* **REQUIRED ACTION**: Every line from the one with "Makana Grapefruit Lychee Candle" up to and including the one with "14K Gold Two-Tone Diamond Star Necklace" is to be output exactly as it appears below; pictures are not.

* **SUPPLIED DATA**:
........
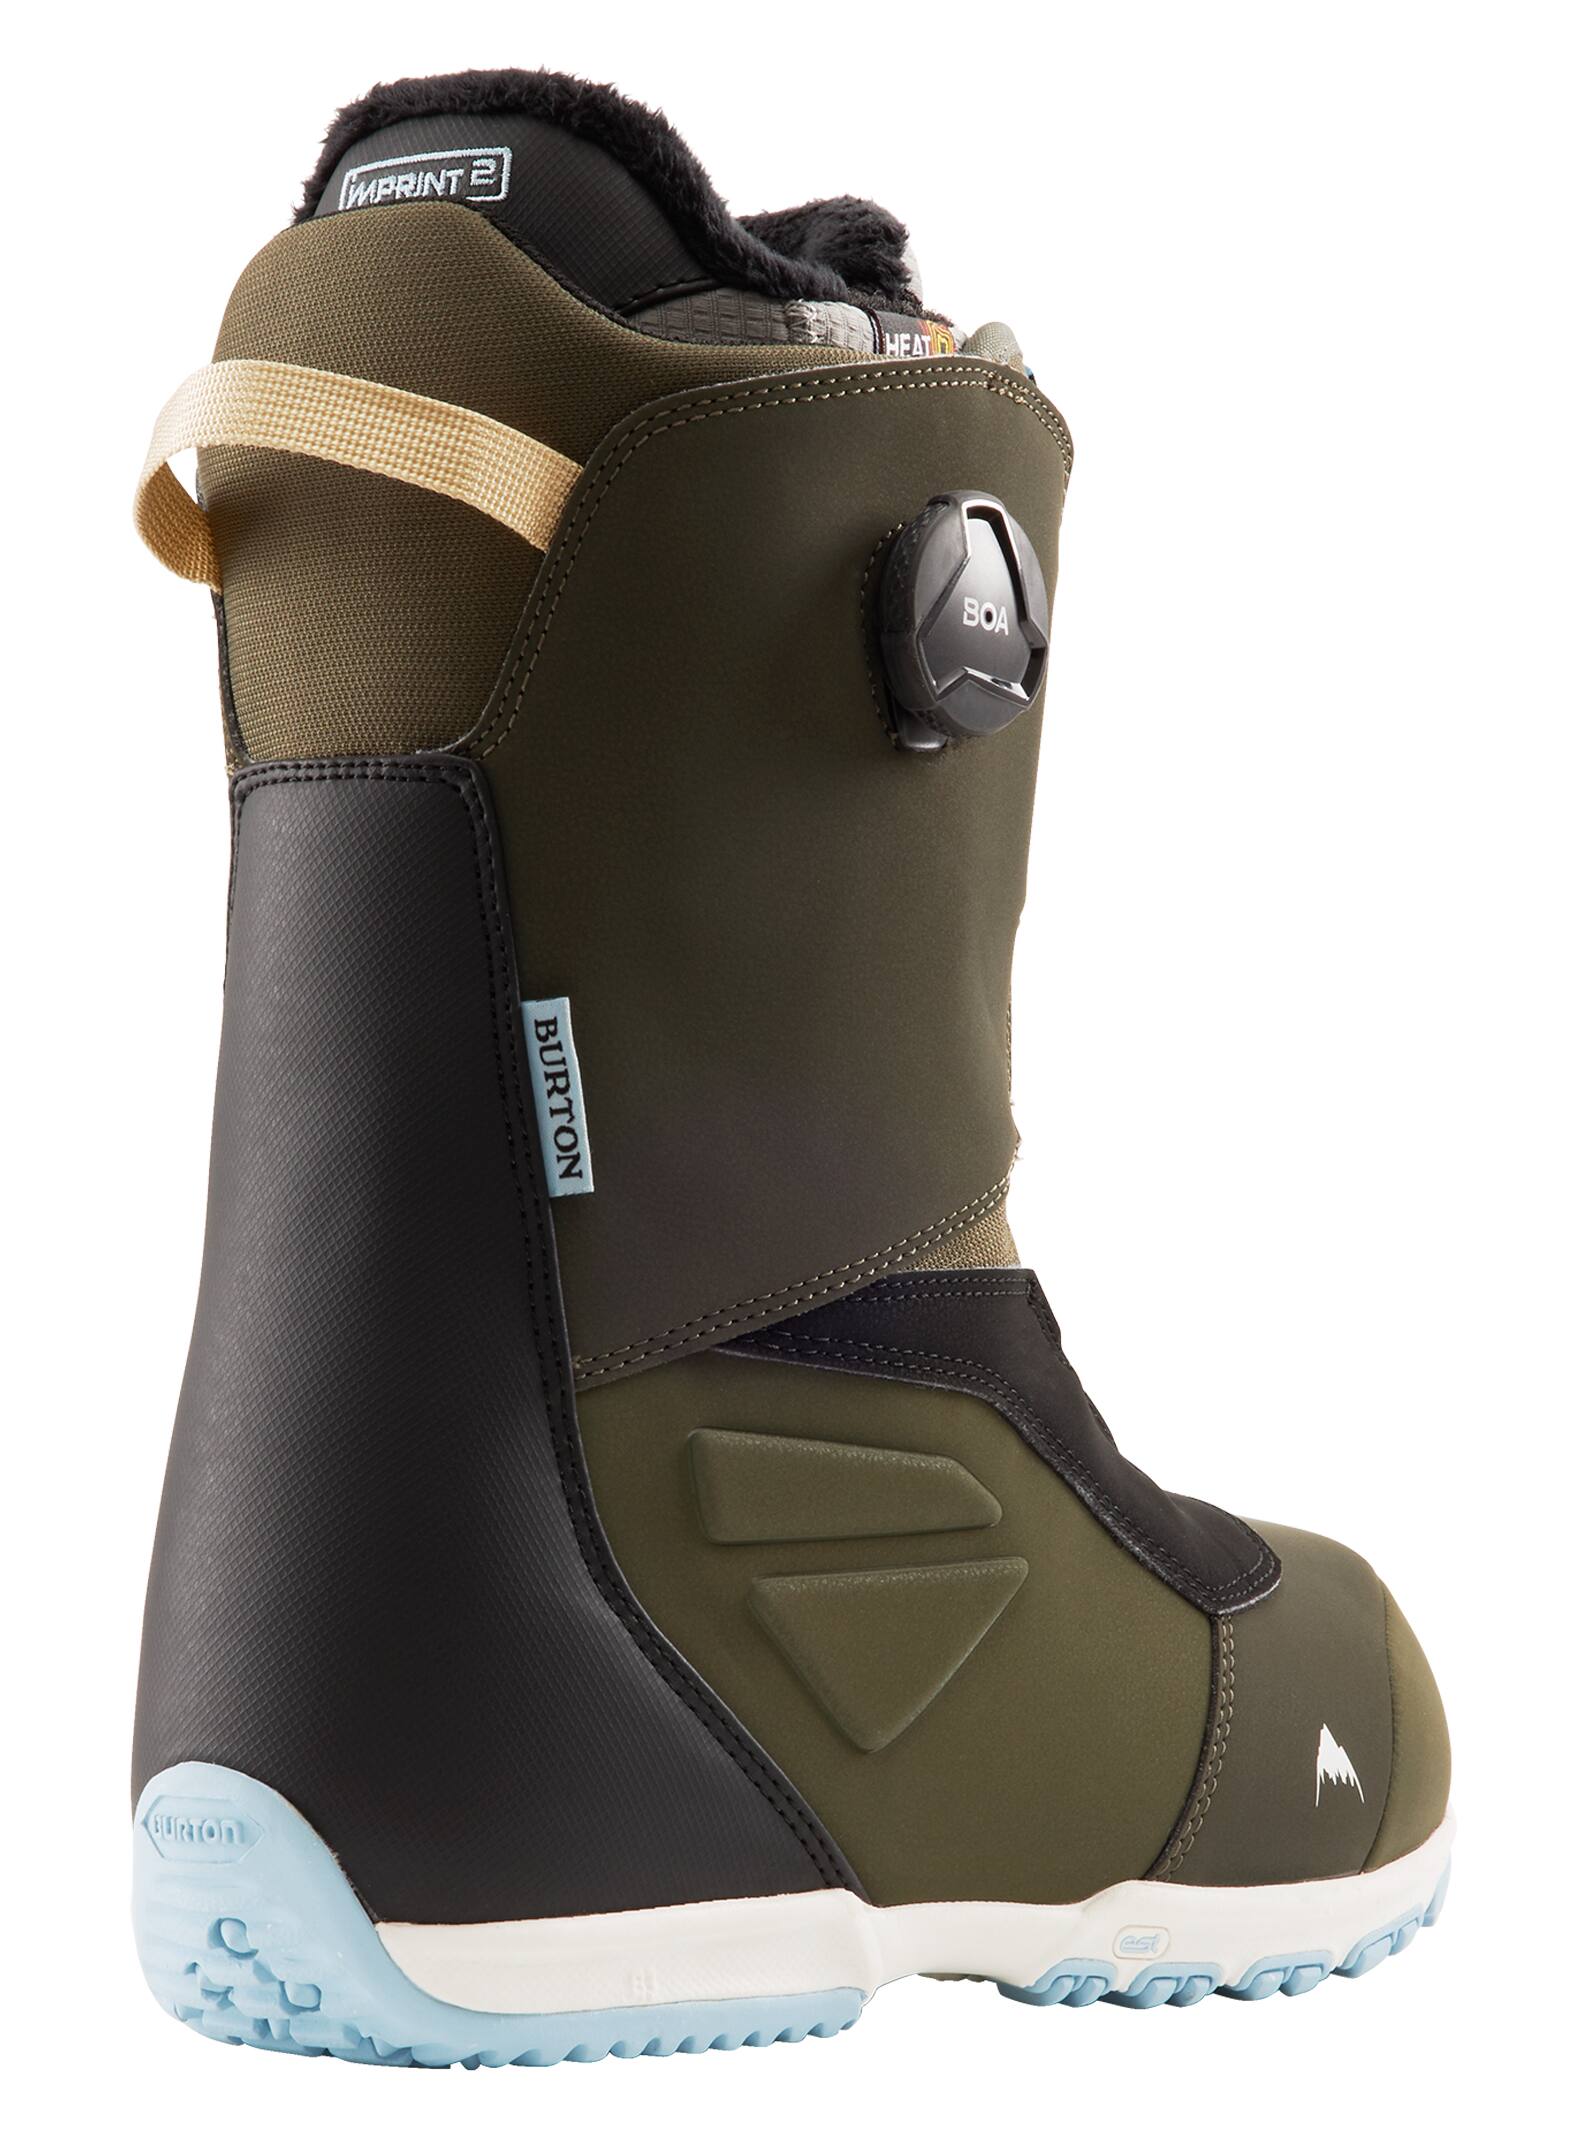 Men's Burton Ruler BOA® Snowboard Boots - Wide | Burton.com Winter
........
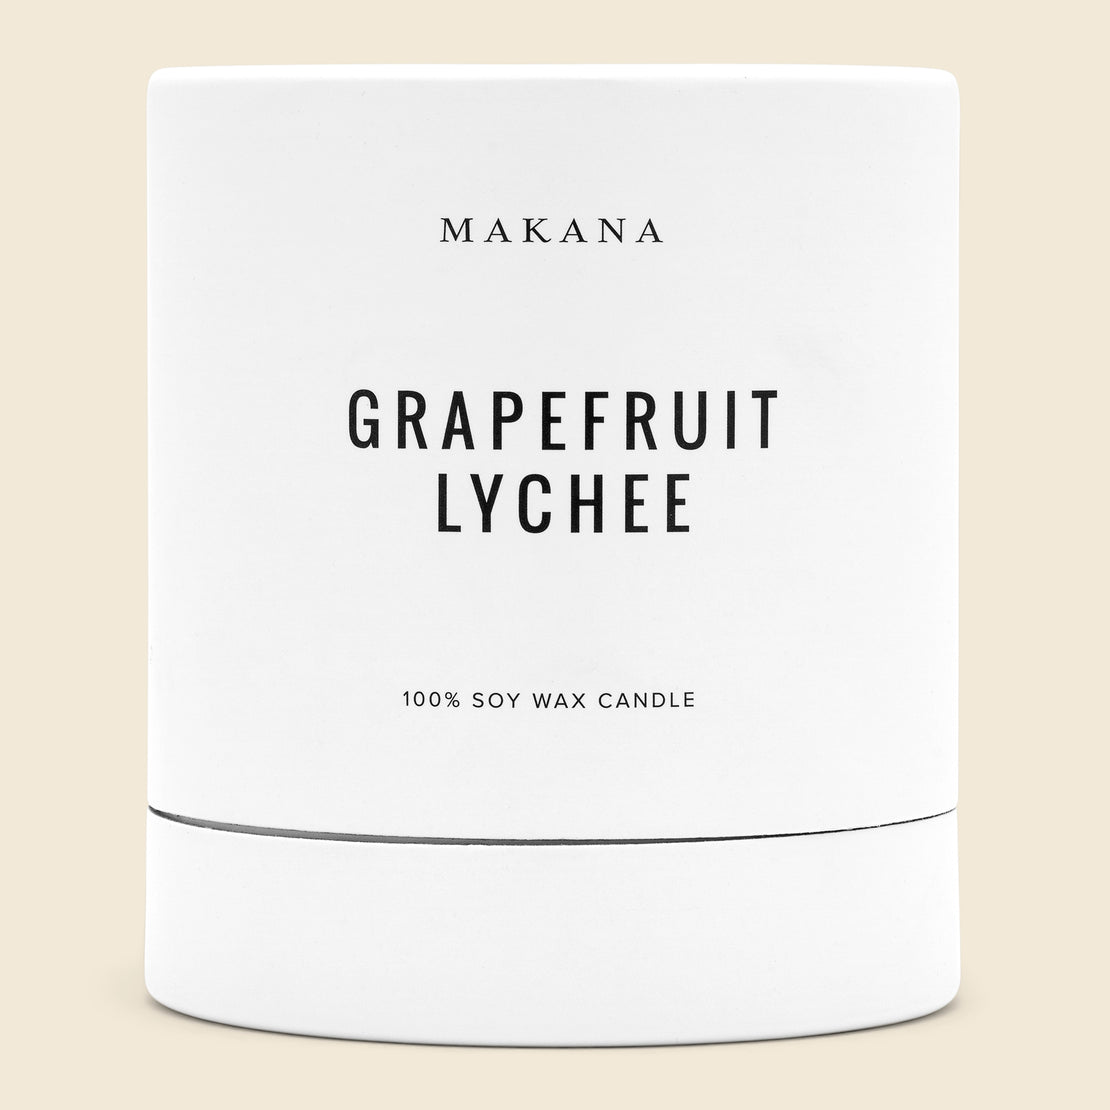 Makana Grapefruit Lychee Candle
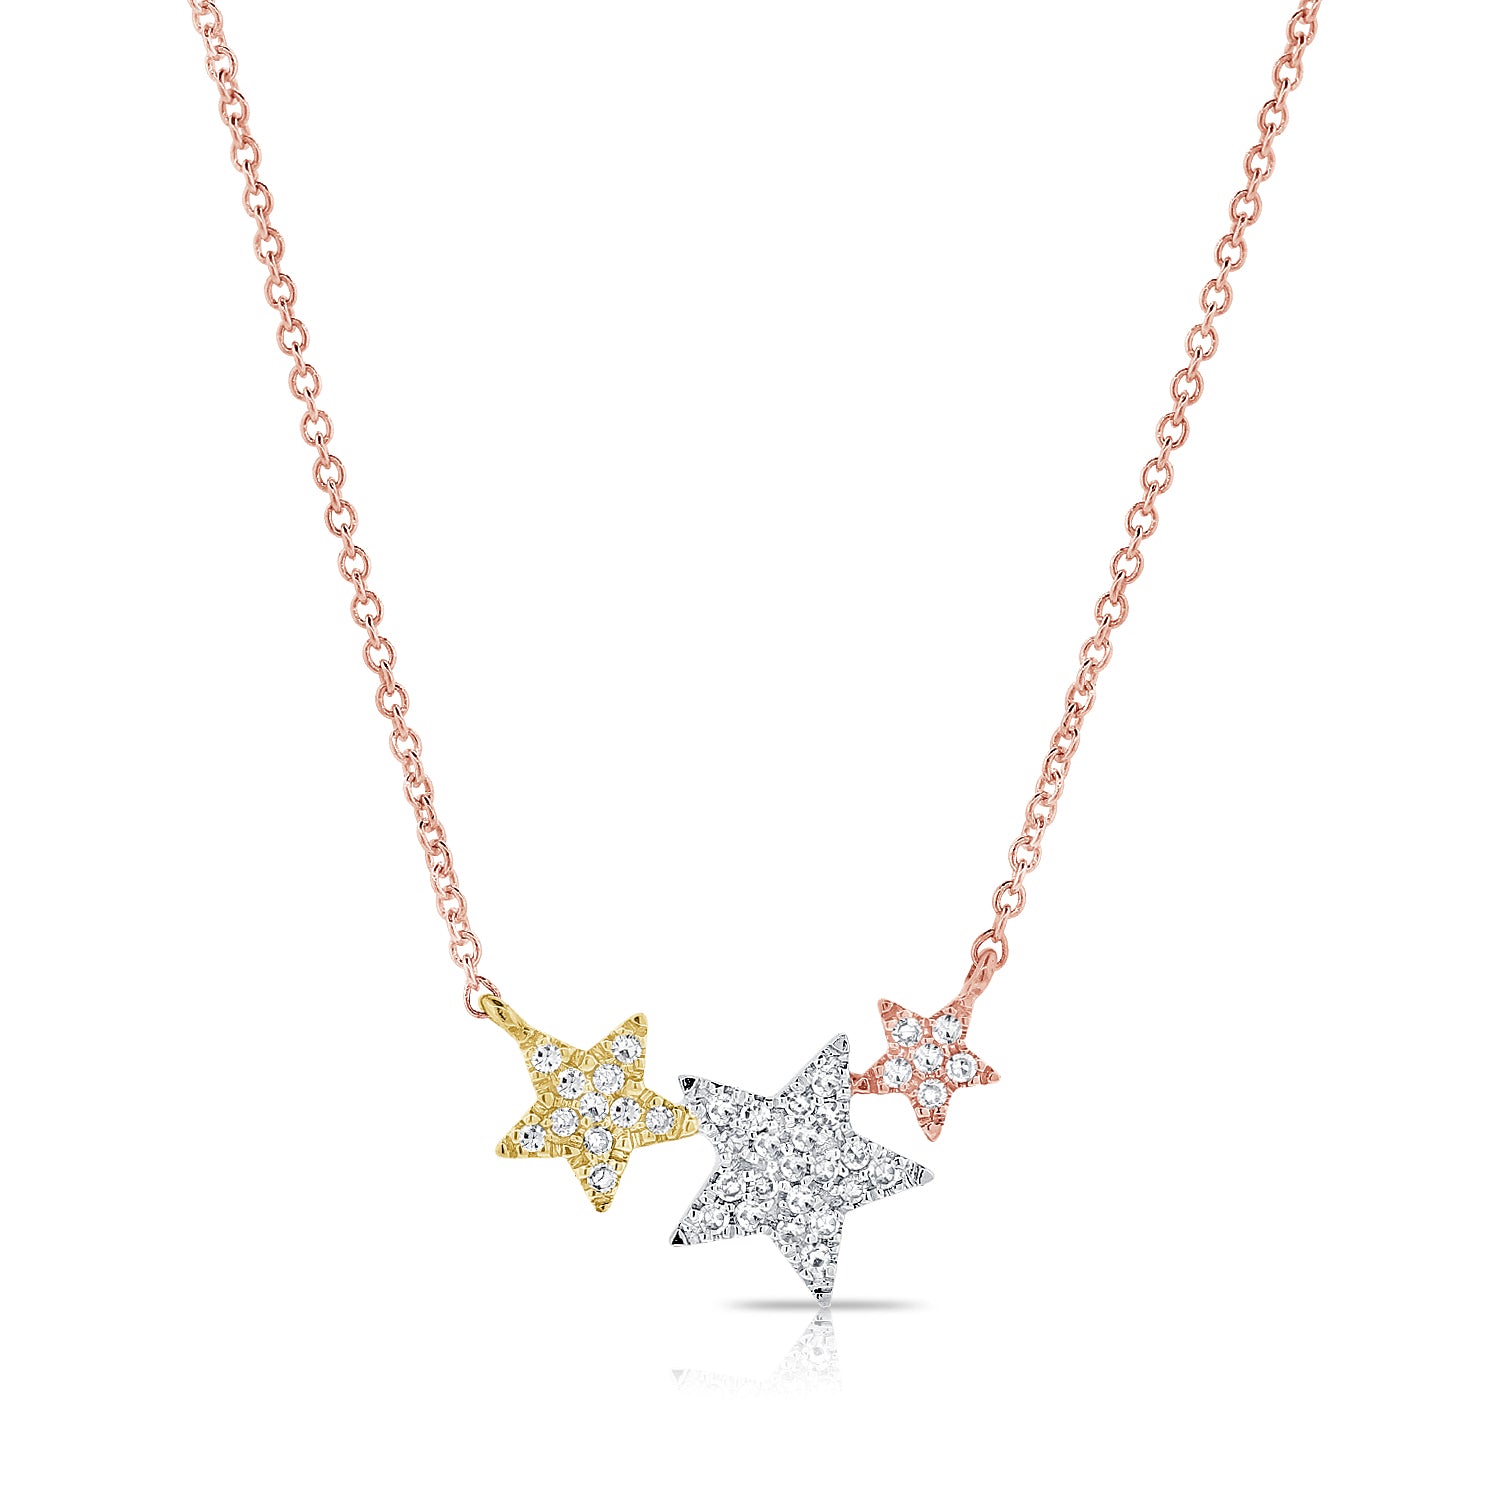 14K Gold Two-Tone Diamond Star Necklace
........
* **RESULT**:
 Makana Grapefruit Lychee Candle
 14K Gold Two-Tone Diamond Star Necklace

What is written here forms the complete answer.